What your agent can do
Ordentus is your one page — your calendars and your health, side by side. The same data is available over a simple HTTP API, so an AI agent or LLM can read it and act on it for you, scoped to your account alone.
- Read today's agenda across every calendar you've merged.
- Create, update, or delete events — a focus block, a moved meeting.
- Add, move, complete, and prioritise todos, goals, and projects — the same ones on your dashboard.
- Manage your calendar subscriptions, share links, reminders, and hidden events.
Nothing is shared beyond your account, and you stay in control — every token is yours to revoke.

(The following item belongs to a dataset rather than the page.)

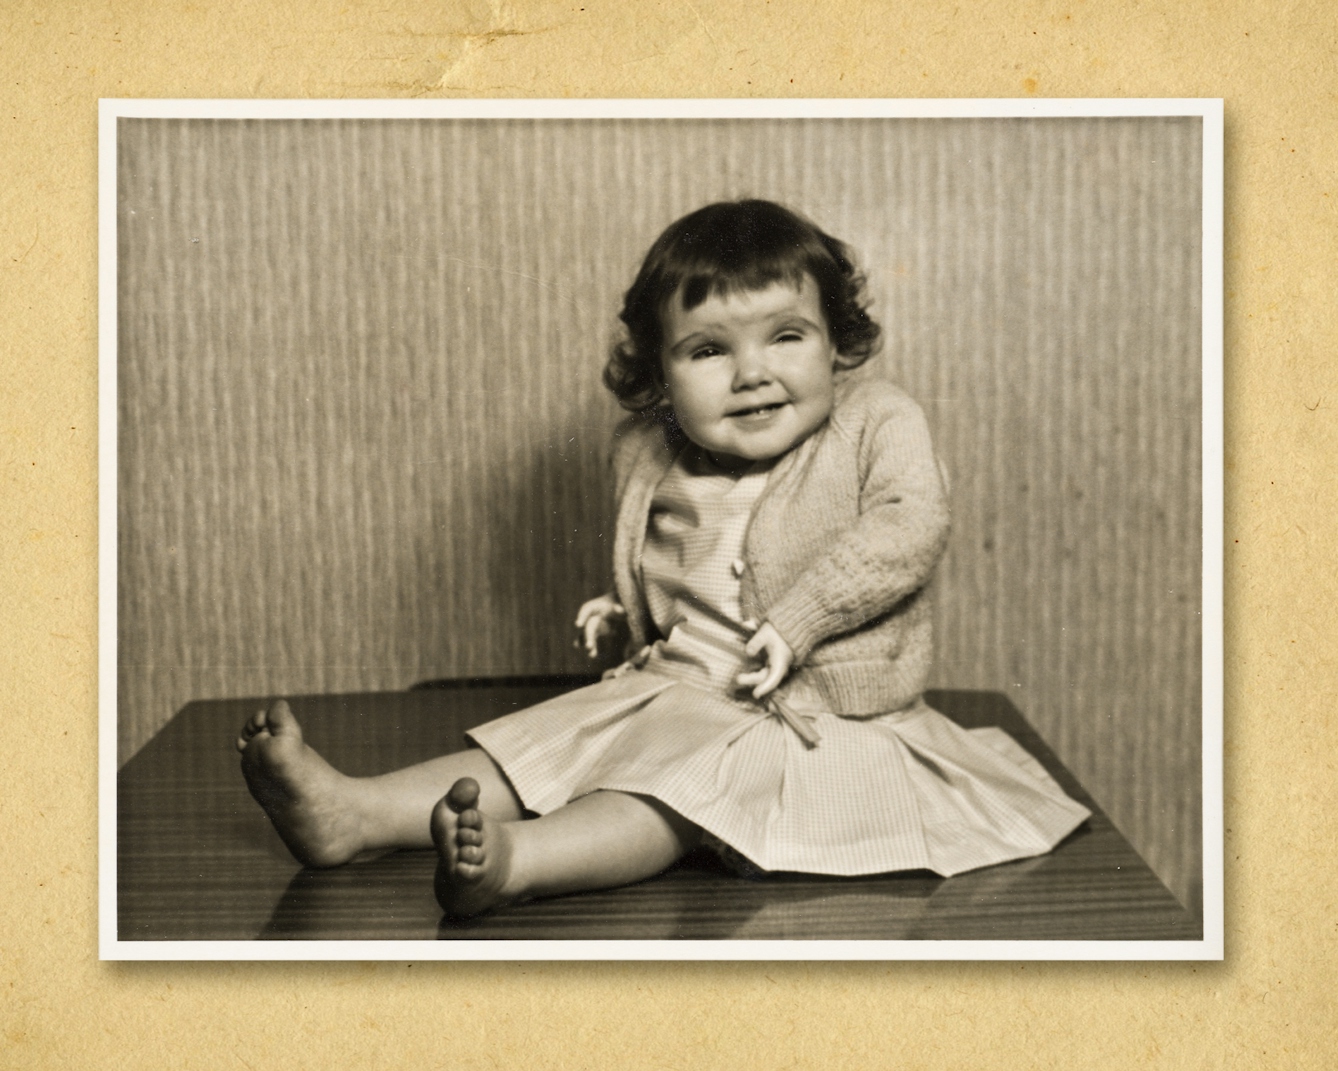 Photograph of a black and white photographic print, resting on a brown paper textured background. The print shows a small young girl sitting with her legs stretched out in front of her, on what looks like a tabletop. Behind her is a wall covered in a textured wallpaper with a vertical pattern. She is wearing a dress and cardigan. She is smiling and looking off slightly right of camera. The arms in her cardigan sleeves are prosthetic arms. The girls mother was prescribed Thalidomide during her pregnancy.

Your health and sleep data is opt-in. A normal token can't touch it — health endpoints return 403 — unless you tick Health when creating the token. Leave it off for any agent that doesn't need sleep, bedtime, or workout data.
Create an API token
Sign in to Ordentus and open Account Settings → API Access. Create a token and choose its scope:
| Scope | Allows |
|---|---|
read | All GET requests — see your day, never change it. |
write | All POST, PATCH, PUT, DELETE requests — act on your behalf. |
health | Adds access to sleep, bedtime, cognition & workouts. Off by default — only tick it if the agent needs health data. |
A token can hold any combination. It looks like ordt_abcdefghij… — around 40–50 characters. Copy it once and store it somewhere safe; you won't be shown it again.
Give a read-only agent a read token. Only add write when you're sure the agent should be able to change things.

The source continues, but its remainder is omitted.